The Trump administration has imposed a media gag on the EPA and barred its staff from awarding any new contracts. EPA employees have been barred from issuing press releases, updating the agency blogs or posting to the agency’s social media accounts. Trump has nominated to head the EPA the Oklahoma state attorney general, Scott Pruitt, who is currently engaged in 14 lawsuits against the EPA on behalf of Oklahoma-based polluters, mostly in the oil and gas industry.

Besides deregulation, Trump has pledged to cut taxes “massively” for American corporations. He told Monday’s meeting of CEOs that he would keep his campaign pledge to cut the corporate tax rate from the present 35 percent to 15-20 percent. He added that his advisers think “we can cut regulations by 75 percent, maybe more.”

While this pro-corporate wrecking operation proceeds in relation to environmental and health and safety regulations, the US Senate is proceeding with the confirmation of Trump’s nominees.

Senate Democrats, who hold 48 of the 100 seats, have rubberstamped nearly all of Trump’s nominees to national security positions, including Tuesday evening’s near-unanimous 96-4 vote to confirm South Carolina Governor Nikki Haley as the US ambassador to the United Nations.

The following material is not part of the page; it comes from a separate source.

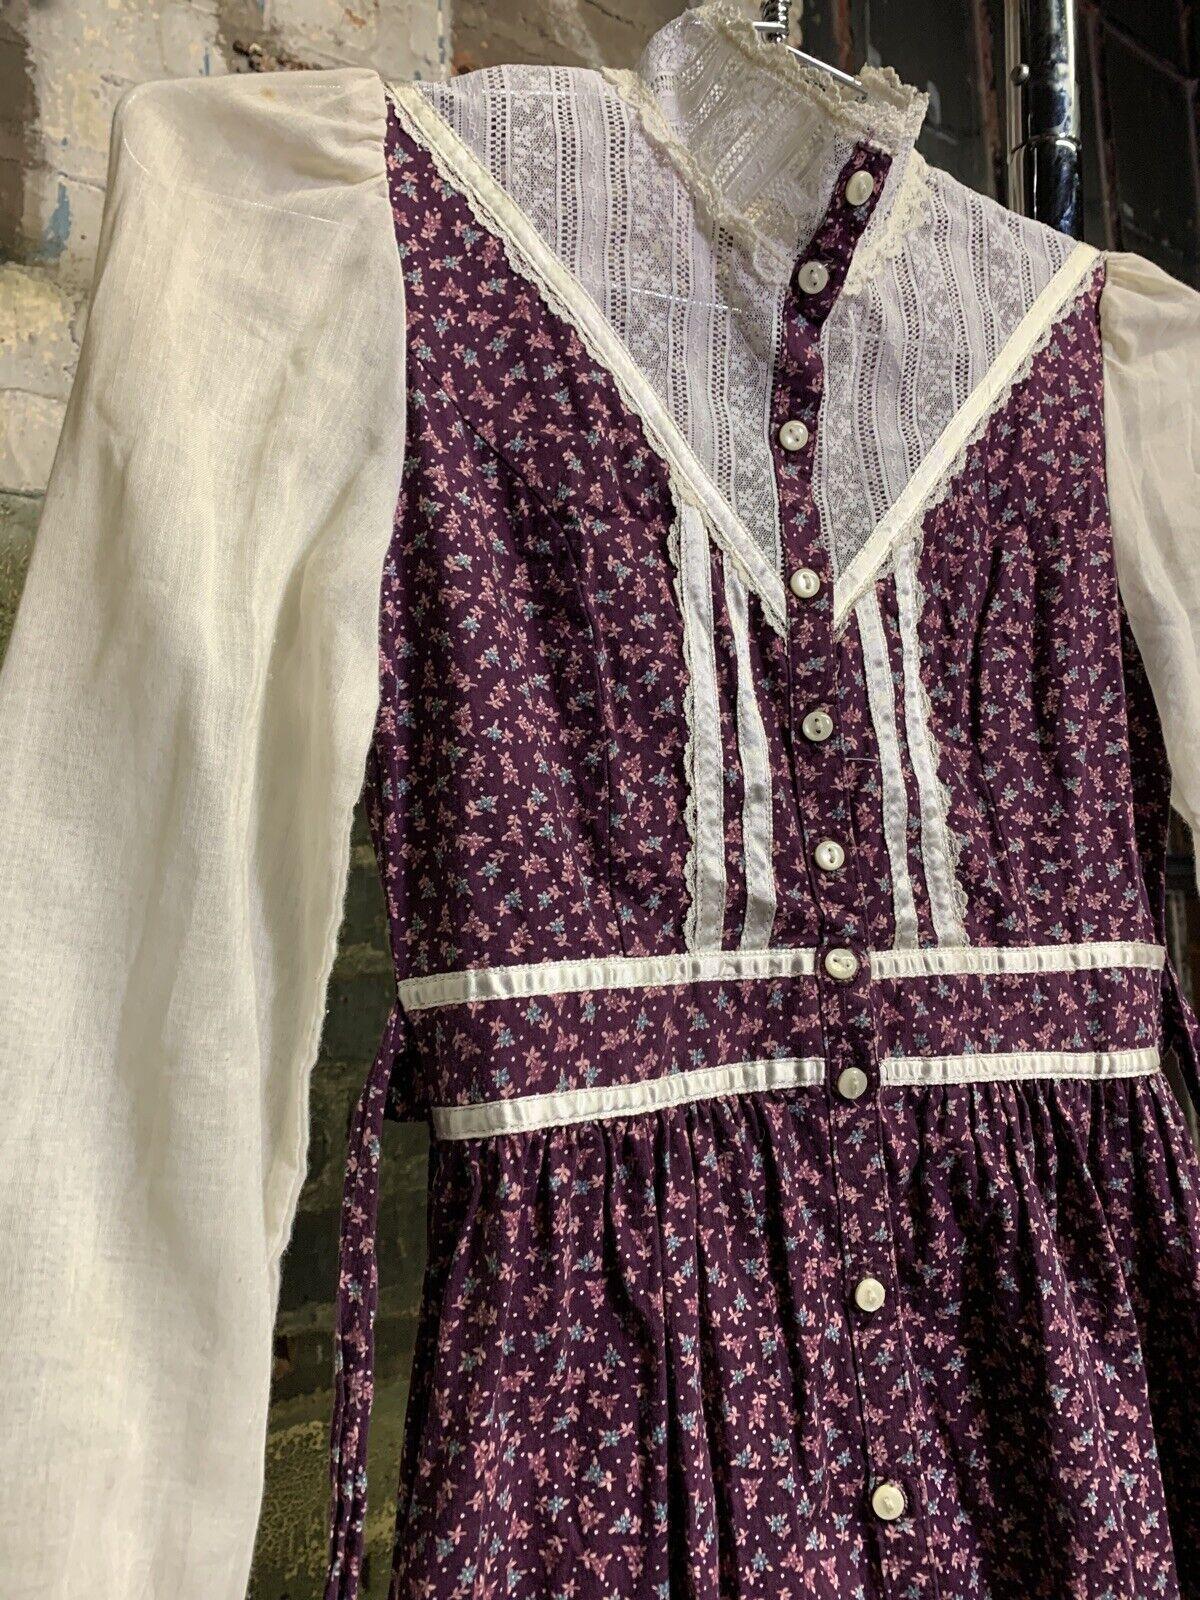 gunne sax 1970s women's vintage dress - image 2

Three more Trump nominees were cleared by Senate committees, with the Senate Banking Committee approving the nomination of Dr. Ben Carson to head the Department of Housing and Urban Development on a unanimous vote, and the Senate Commerce Committee on a voice vote approving the nomination of Elaine Chao, the wife of Senate Majority Leader Mitch McConnell, to run the Department of Transportation.

The Senate Commerce Committee approved as well the nomination of billionaire asset-stripper Wilbur Ross to be secretary of commerce, also on a voice vote, meaning that no Democratic opposition was recorded.